II.II. O Tribunal considera como não-provados os seguintes factos:

  1. Pagamento voluntário da liquidação adicional e respetivos juros em crise. Efetivamente, a Requerente protestou juntar um doc. n.º 4 que não se encontra juntos aos Autos.

 

  1. DO DIREITO

III.I. Introdução e enquadramento da decisão

O presente processo arbitral insere-se num contencioso relativamente recente e que se relaciona com o tratamento fiscal, em sede de IRS, das indemnizações pagas a trabalhadores pelas respetivas entidades patronais. Em concreto, e como já vimos acima, versa-se sobre a isenção da indemnização recebida (in casu da totalidade, mas noutros casos apenas parcial) e o conceito de antiguidade a que se refere o n.º 4 do artigo 2.º do Código do IRS.

Enquanto a AT adota um entendimento administrativo restritivo (apelidando-o, contudo, de ‘literal’), as entidades patronais e os contribuintes adotam um entendimento largo o suficiente para que a Lei Fiscal não seja discriminatória entre trabalhadores que se mantiveram numa única entidade patronal e aqueles outros que, apesar dos mesmos anos de trabalho, mudaram de entidade patronal dentro do mesmo ofício e até do mesmo setor de atividade.

Já existe, de resto, como ambas as partes o destacam incluindo com citações, jurisprudência bastante dos Tribunais e dos Tribunais Arbitrais nesta matéria. Ora, precisamente esta jurisprudência tem aceitado, na maioria dos casos, que o conceito de antiguidade deve incluir os anteriores vínculos laborais desde que estes tenham ocorrido na mesma atividade e existam Acordos Coletivos de Trabalho (ACT) nesse sentido.

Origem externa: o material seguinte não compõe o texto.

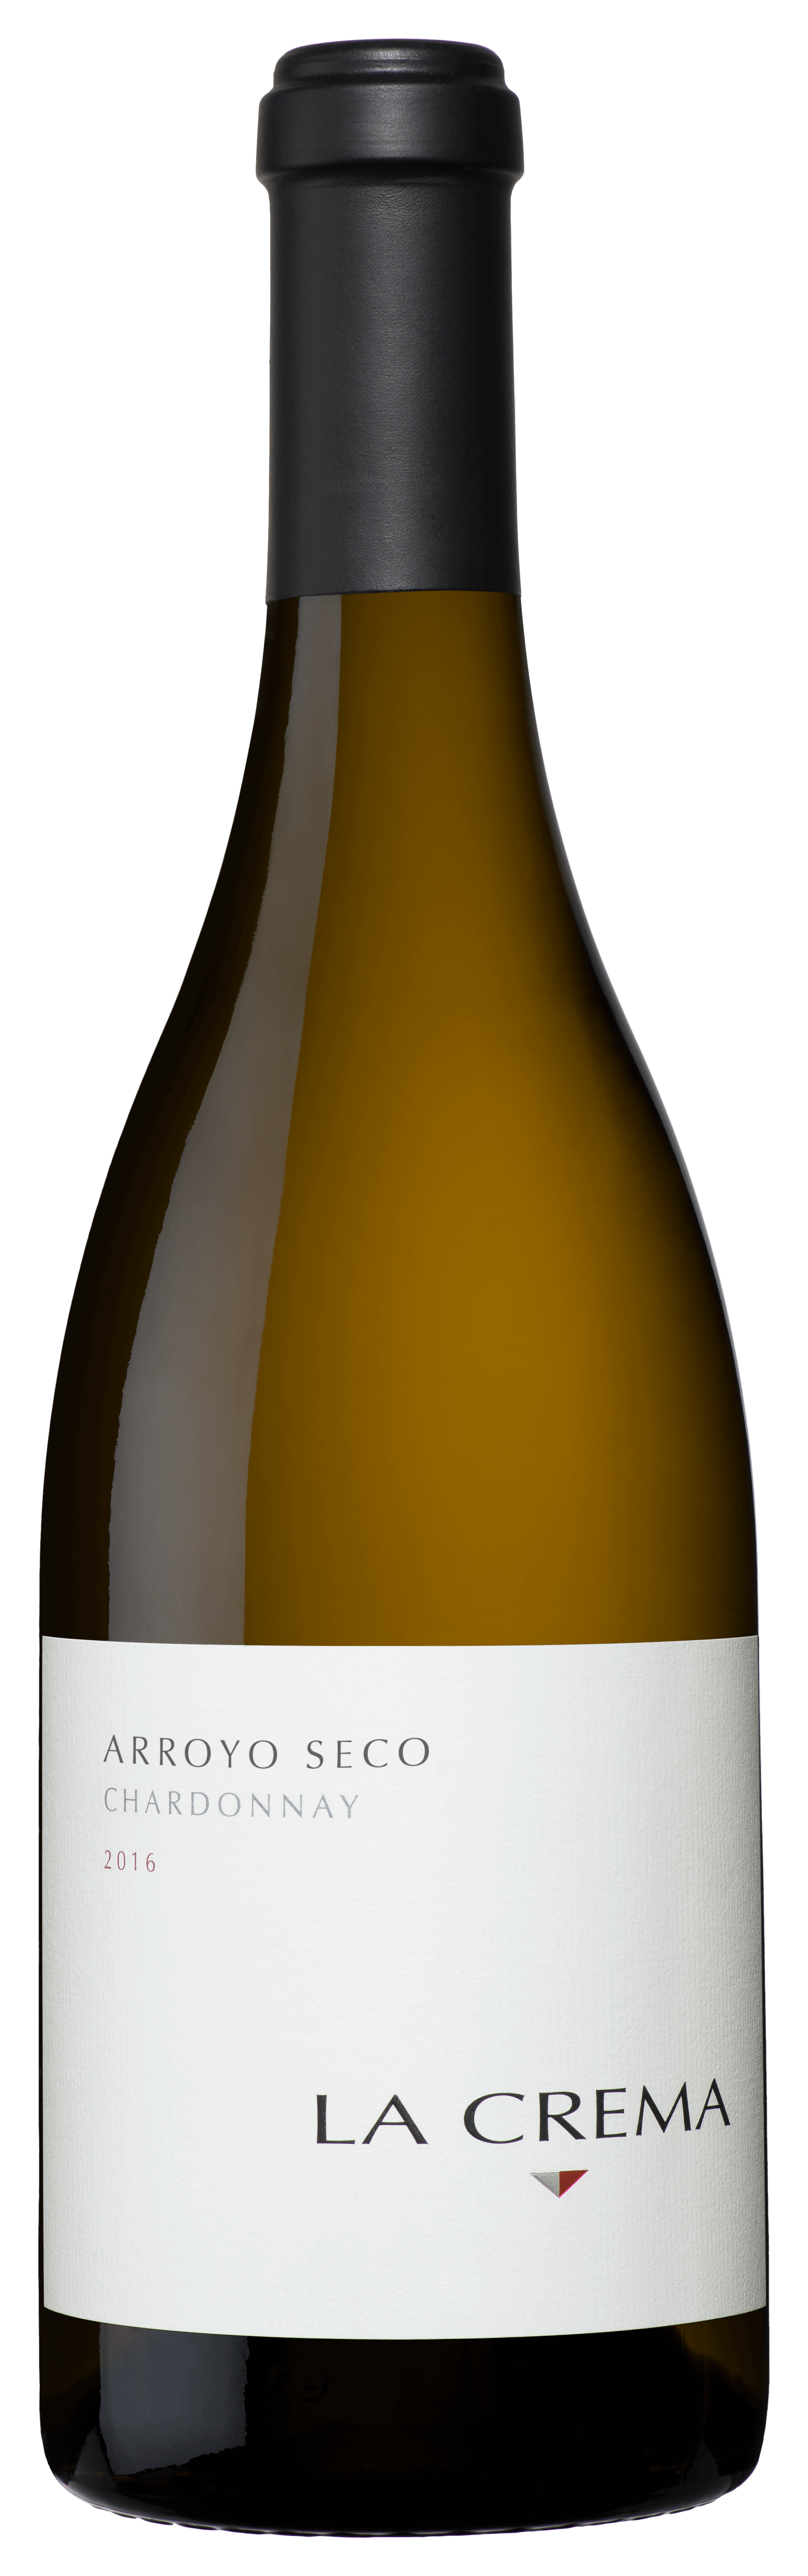 2016 Arroyo Seco Chardonnay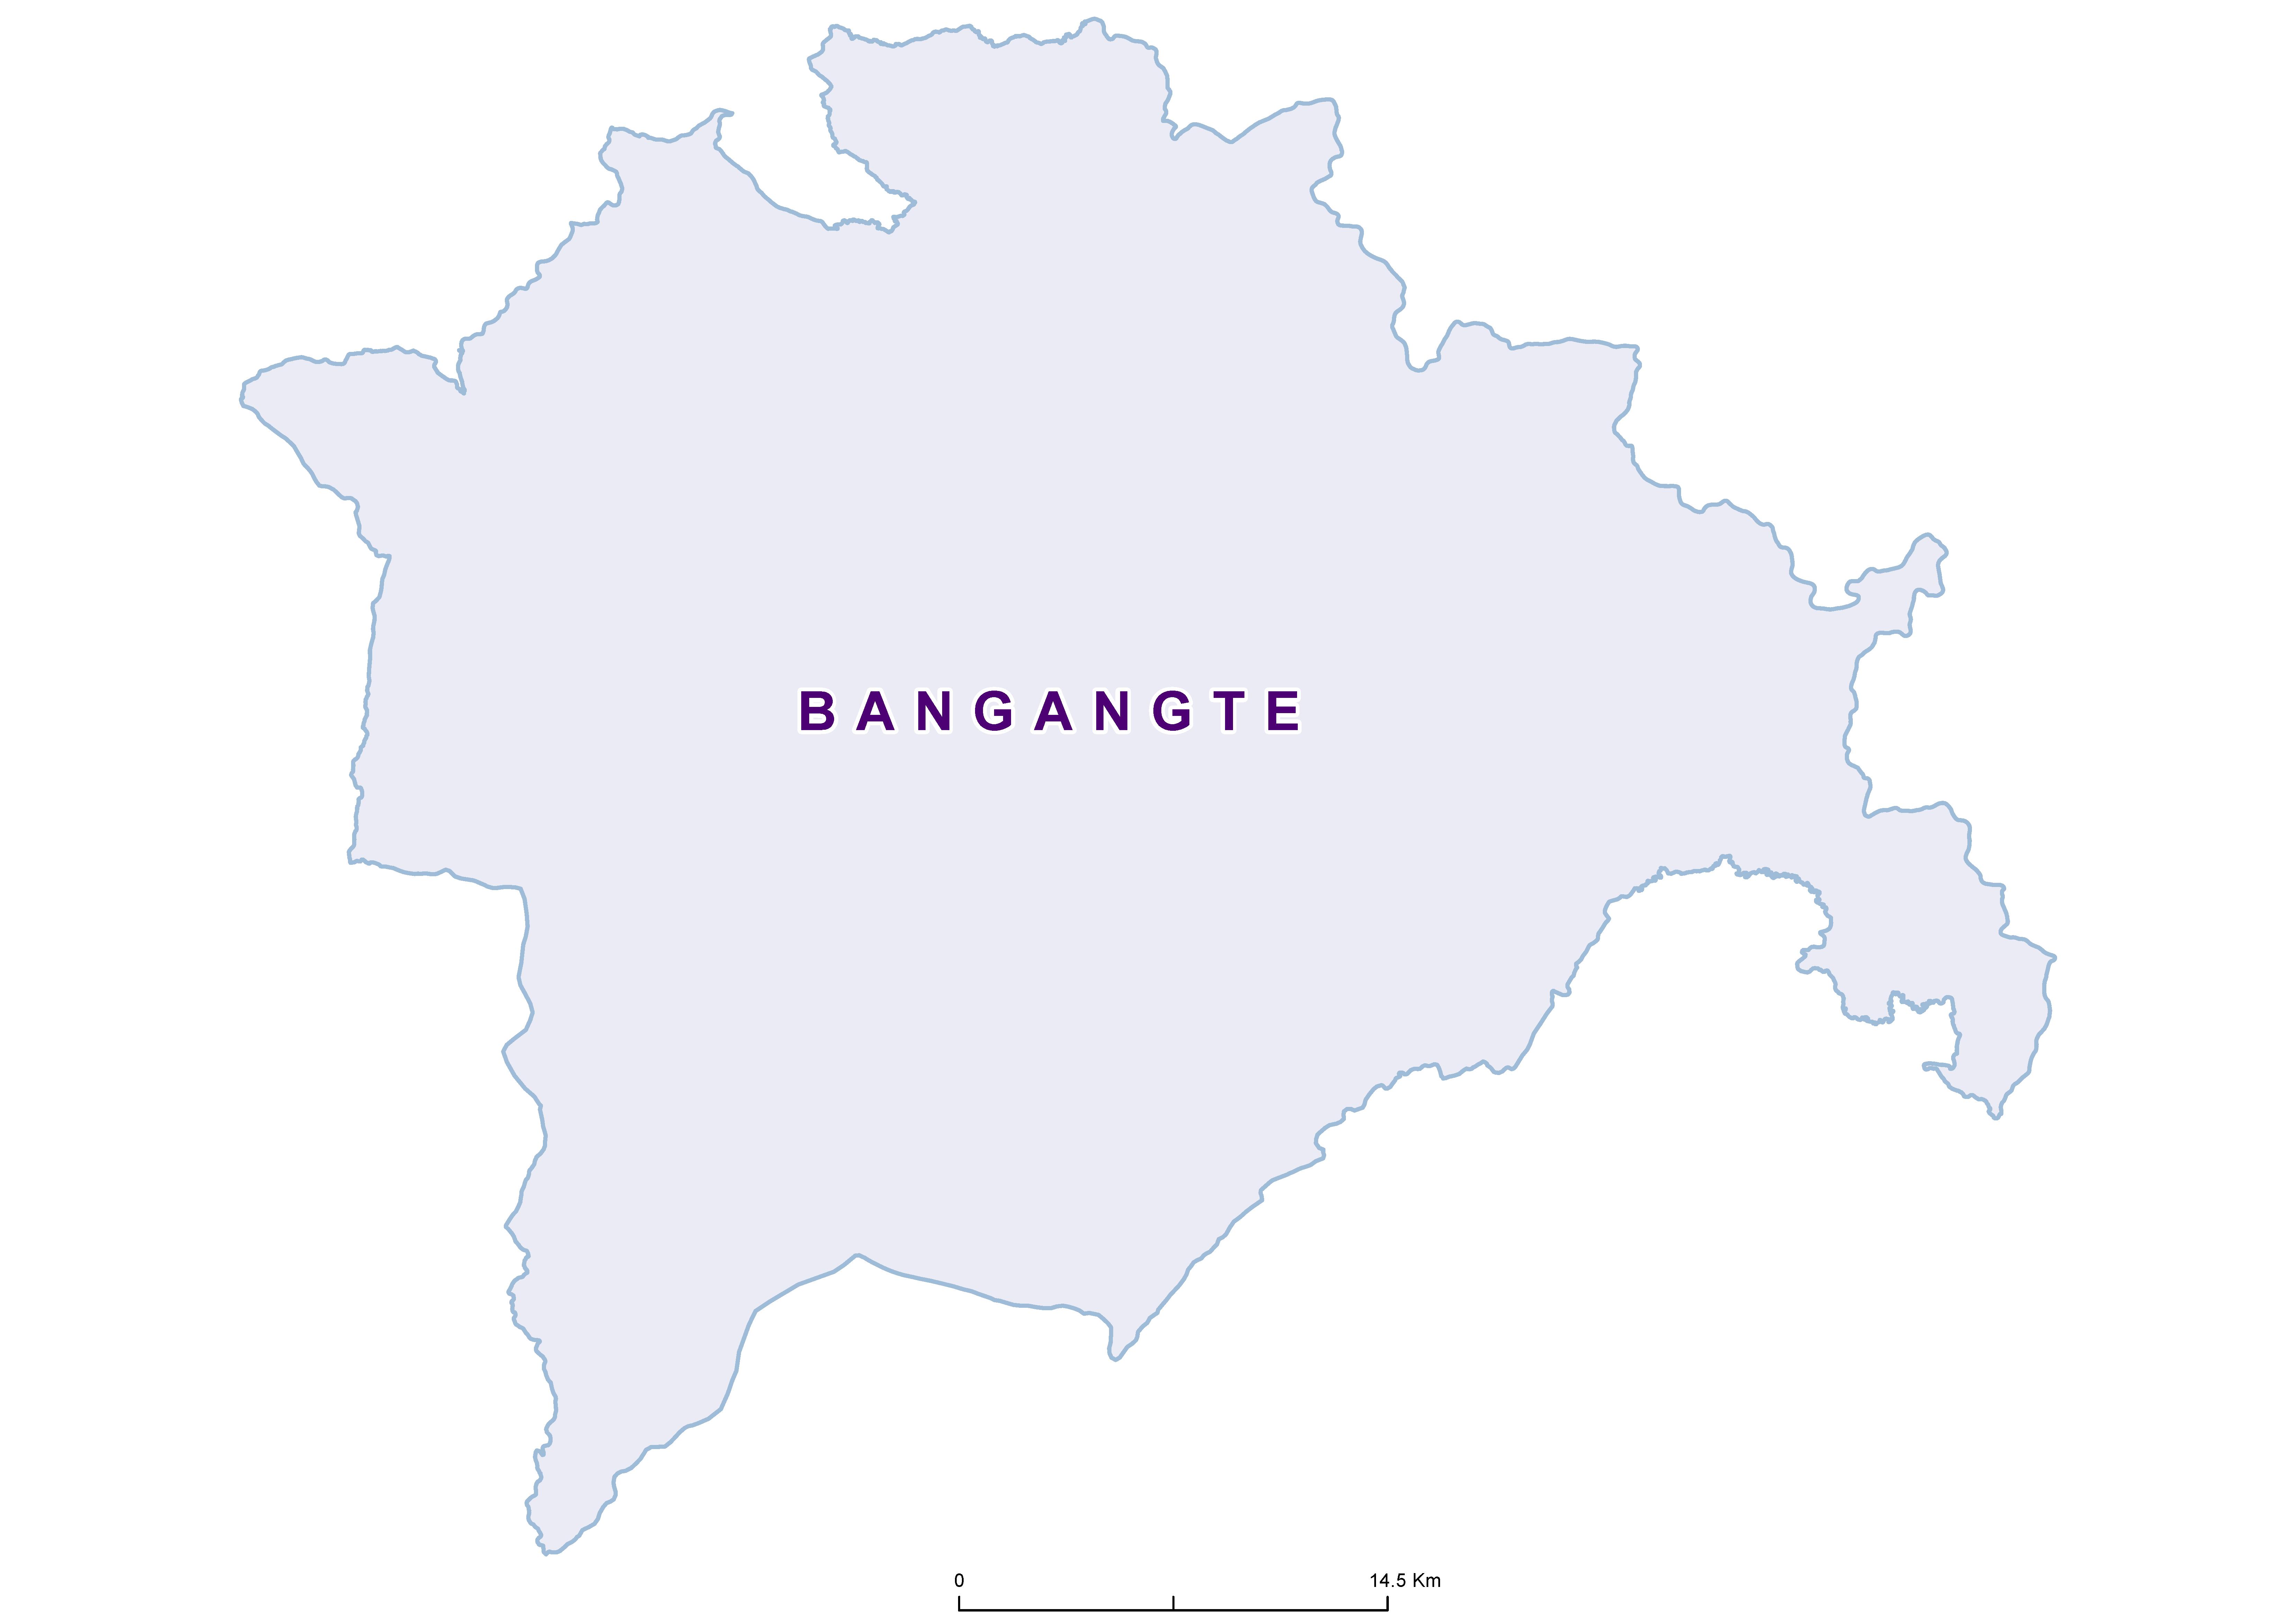 Bangangte Mean SCH 20180001

Mesmo as decisões, minoritárias de resto, não totalmente favoráveis aos contribuintes, fazem-no sempre com a ressalva dos casos em que (i) a nova entidade patronal sobrescreveu o ACT do setor, e na medida em que (ii) exista acordo individual entre o trabalhador e a nova entidade patronal no sentido da relevância do tempo de serviço prestado a entidades do mesmo setor, e (iii) o trabalhador seja filiado no respetivo sindicato.

O mesmo é dizer, que toda a jurisprudência – do STA ao CAAD – atribui relevância, para efeitos da citada isenção de IRS, ao tempo de serviço prestado pelo trabalhador a entidades do mesmo setor, sempre os seguintes requisitos se verifiquem de forma cumulativa; a saber:

  1. A nova entidade patronal tenha sobrescrito o ACT do respetivo setor;
  2. Exista acordo individual entre o trabalhador e a nova entidade patronal (por regra, o contrato de trabalho) no sentido da relevância do tempo de serviço prestado a entidades do mesmo setor; e,
  3. O trabalhador seja filiado no respetivo sindicato.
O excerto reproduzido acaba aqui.